Excerpts from a dataset
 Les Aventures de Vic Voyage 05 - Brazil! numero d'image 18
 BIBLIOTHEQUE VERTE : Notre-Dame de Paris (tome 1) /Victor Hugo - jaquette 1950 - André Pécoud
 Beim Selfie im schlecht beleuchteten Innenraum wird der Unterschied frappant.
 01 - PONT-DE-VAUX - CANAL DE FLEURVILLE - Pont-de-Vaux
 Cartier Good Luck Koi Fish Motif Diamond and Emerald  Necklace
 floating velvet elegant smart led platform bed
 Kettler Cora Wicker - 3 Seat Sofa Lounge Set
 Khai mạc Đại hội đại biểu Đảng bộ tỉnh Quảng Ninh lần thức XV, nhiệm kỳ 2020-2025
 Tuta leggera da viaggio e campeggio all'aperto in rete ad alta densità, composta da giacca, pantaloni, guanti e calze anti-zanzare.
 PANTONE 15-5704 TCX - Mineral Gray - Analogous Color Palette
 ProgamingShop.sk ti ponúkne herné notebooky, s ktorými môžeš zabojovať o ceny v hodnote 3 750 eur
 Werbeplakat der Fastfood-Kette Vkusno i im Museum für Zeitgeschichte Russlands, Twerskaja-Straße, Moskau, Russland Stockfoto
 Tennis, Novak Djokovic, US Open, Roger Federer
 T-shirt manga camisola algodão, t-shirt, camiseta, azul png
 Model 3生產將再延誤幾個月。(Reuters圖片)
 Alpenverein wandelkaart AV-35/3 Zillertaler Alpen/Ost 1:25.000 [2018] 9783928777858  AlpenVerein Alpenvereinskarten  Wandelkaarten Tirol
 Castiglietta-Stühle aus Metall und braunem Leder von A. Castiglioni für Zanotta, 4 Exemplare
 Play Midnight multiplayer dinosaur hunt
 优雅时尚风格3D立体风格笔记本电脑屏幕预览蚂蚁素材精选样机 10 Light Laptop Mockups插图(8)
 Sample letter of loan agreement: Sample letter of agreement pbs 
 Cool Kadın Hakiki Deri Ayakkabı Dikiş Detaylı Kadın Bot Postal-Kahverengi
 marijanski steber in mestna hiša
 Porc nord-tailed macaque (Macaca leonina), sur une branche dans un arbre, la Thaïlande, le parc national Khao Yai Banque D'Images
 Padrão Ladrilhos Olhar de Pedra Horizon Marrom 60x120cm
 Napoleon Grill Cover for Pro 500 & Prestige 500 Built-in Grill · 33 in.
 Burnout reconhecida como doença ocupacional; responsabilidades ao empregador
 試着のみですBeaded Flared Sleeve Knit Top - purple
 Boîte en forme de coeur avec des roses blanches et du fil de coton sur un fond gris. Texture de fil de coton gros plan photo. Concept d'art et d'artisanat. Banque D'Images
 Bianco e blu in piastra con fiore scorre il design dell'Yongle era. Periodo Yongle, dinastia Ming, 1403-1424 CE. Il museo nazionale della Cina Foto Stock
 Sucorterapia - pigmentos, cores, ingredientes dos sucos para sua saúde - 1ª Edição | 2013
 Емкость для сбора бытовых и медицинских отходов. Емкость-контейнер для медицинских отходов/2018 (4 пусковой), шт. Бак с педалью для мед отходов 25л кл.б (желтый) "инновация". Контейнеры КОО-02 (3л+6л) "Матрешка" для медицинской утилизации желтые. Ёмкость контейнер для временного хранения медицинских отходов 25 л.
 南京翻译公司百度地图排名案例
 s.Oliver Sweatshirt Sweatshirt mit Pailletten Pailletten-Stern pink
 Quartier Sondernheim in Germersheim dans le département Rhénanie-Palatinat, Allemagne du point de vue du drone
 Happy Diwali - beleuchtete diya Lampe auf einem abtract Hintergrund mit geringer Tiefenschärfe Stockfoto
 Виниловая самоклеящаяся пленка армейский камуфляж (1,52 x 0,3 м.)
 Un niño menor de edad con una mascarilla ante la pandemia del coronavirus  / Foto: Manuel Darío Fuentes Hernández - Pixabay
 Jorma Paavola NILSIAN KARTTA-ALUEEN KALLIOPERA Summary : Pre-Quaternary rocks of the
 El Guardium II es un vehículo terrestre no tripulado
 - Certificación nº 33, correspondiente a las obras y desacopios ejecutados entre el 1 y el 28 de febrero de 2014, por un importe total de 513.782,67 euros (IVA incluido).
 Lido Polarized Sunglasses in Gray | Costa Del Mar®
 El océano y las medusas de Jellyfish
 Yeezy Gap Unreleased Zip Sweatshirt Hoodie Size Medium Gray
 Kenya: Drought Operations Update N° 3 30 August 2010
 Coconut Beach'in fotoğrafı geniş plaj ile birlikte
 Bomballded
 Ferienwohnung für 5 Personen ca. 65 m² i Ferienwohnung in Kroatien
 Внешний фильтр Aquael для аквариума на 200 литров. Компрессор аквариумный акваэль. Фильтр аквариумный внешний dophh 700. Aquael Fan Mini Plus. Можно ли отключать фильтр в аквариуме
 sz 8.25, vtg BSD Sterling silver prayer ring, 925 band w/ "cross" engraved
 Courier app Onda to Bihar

INSTRUCTIONS FOR THE TASK:
Will you return exactly the lines above from the one with "Khai mạc Đại" down to the one with "Model 3生產將再延誤幾個月。(Reuters圖片)", counting both as part of the range?

YOUR RESPONSE:
 Khai mạc Đại hội đại biểu Đảng bộ tỉnh Quảng Ninh lần thức XV, nhiệm kỳ 2020-2025
 Tuta leggera da viaggio e campeggio all'aperto in rete ad alta densità, composta da giacca, pantaloni, guanti e calze anti-zanzare.
 PANTONE 15-5704 TCX - Mineral Gray - Analogous Color Palette
 ProgamingShop.sk ti ponúkne herné notebooky, s ktorými môžeš zabojovať o ceny v hodnote 3 750 eur
 Werbeplakat der Fastfood-Kette Vkusno i im Museum für Zeitgeschichte Russlands, Twerskaja-Straße, Moskau, Russland Stockfoto
 Tennis, Novak Djokovic, US Open, Roger Federer
 T-shirt manga camisola algodão, t-shirt, camiseta, azul png
 Model 3生產將再延誤幾個月。(Reuters圖片)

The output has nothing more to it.